Tra il 1991 e il 2018 oltre un terzo di tutti i decessi legati al caldo estremo è da attribuire al riscaldamento globale indotto dall’uomo. Lo studio “The burden of heat-related mortality attributable to recent human-induced climate change”, pubblicato su Nature Climate Change, ha utilizzato i dati di 732 località in 43 Paesi per calcolare il numero di decessi attribuiti a livelli di calore superiori alla temperatura ideale per la salute umana, che varia da località a località.

Con l’aumentare delle temperature, ondate di calore più intense e frequenti colpiscono in modo sproporzionato le persone anziane e quelle con condizioni croniche sottostanti come l’asma, rendendole più vulnerabili alle malattie e alla morte prematura.

I ricercatori hanno esaminato le condizioni meteorologiche del passato simulate in scenari con e senza emissioni innescate dall’attività umana, consentendo loro di separare il riscaldamento e il relativo impatto sulla salute legato all’attività umana dalle tendenze naturali. Nel complesso, hanno riscontrato che il 37% di tutti i decessi legati al calore nelle località studiate erano attribuibili all’attività umana, con i maggiori contributi indotti dai cambiamenti climatici (oltre il 50%) sono stati nell’Asia meridionale e occidentale (Iran e Kuwait), nel sud Asia orientale (Filippine e Tailandia) e America centrale e meridionale.

Questi dati suggeriscono che gli effetti sulla salute si stanno già facendo sentire anche in queste fasi relativamente iniziali di potenziali cambiamenti catastrofici del clima.

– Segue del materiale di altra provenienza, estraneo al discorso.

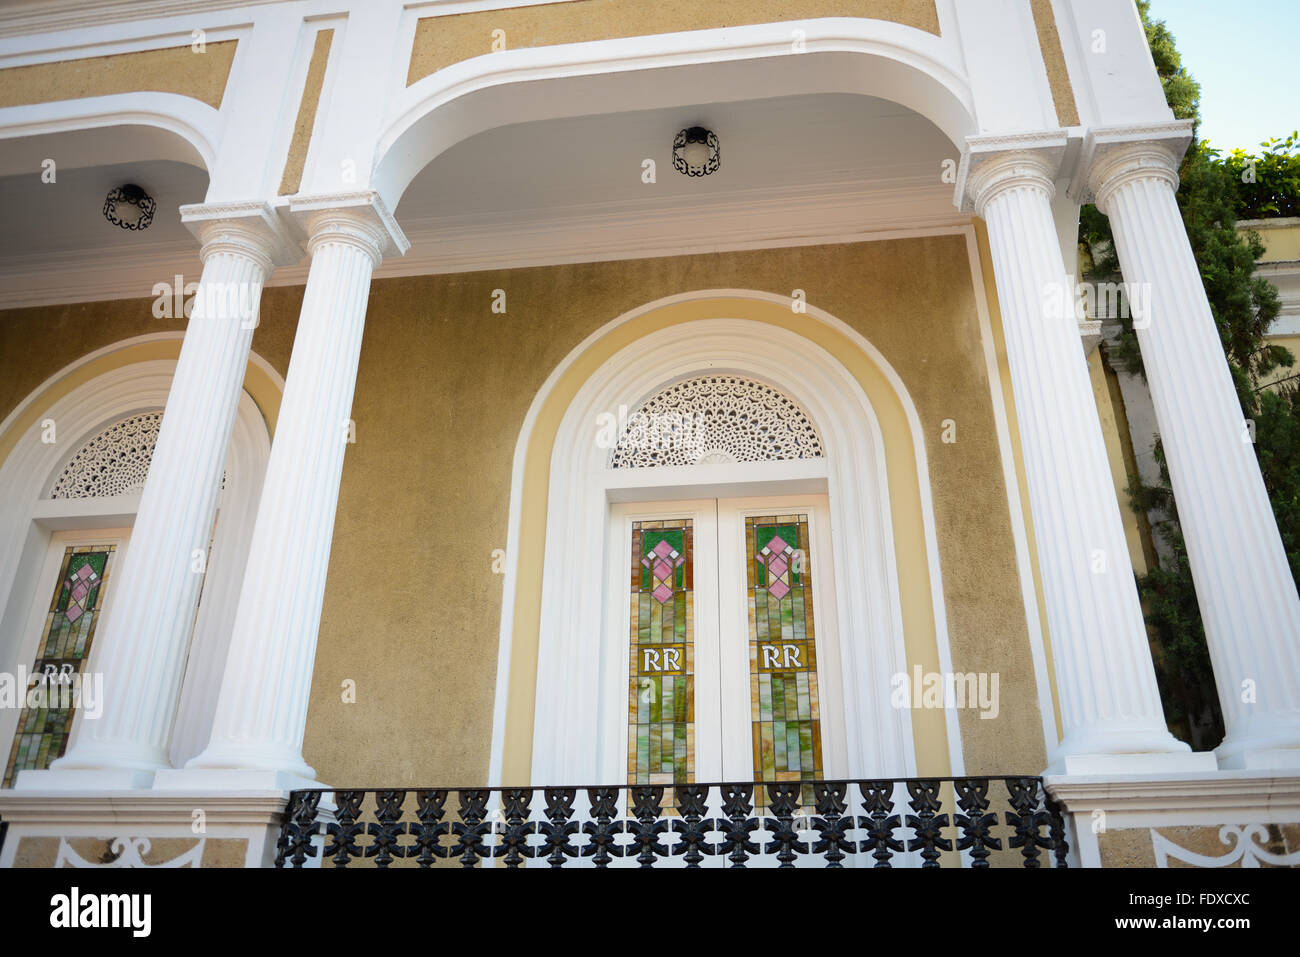 Facade of a house in the bucolic town of San German, Puerto Rico. Caribbean Island. US territory. Stock Photo

Altri problemi di salute sono associati alle alte temperature, come i ricoveri ospedalieri provocati da complicazioni cardiovascolari o respiratorie.

Ciò evidenzia l’imperativo di un’azione globale per ridurre le emissioni di gas serra. L’anno scorso, nonostante un calo del 7% nella combustione di combustibili fossili a causa dei lockdowns legati alla pandemia da Covid-19, le temperature globali sono risultate di 1,2 °C al di sopra dei livelli preindustriali, molto vicino all’obiettivo di 1,5 °C fissato globalmente, oltre il quale si ritiene che anche mezzo grado aggravi in ​​modo significativo i rischi di siccità, inondazioni, caldo estremo e povertà per centinaia di milioni di persone.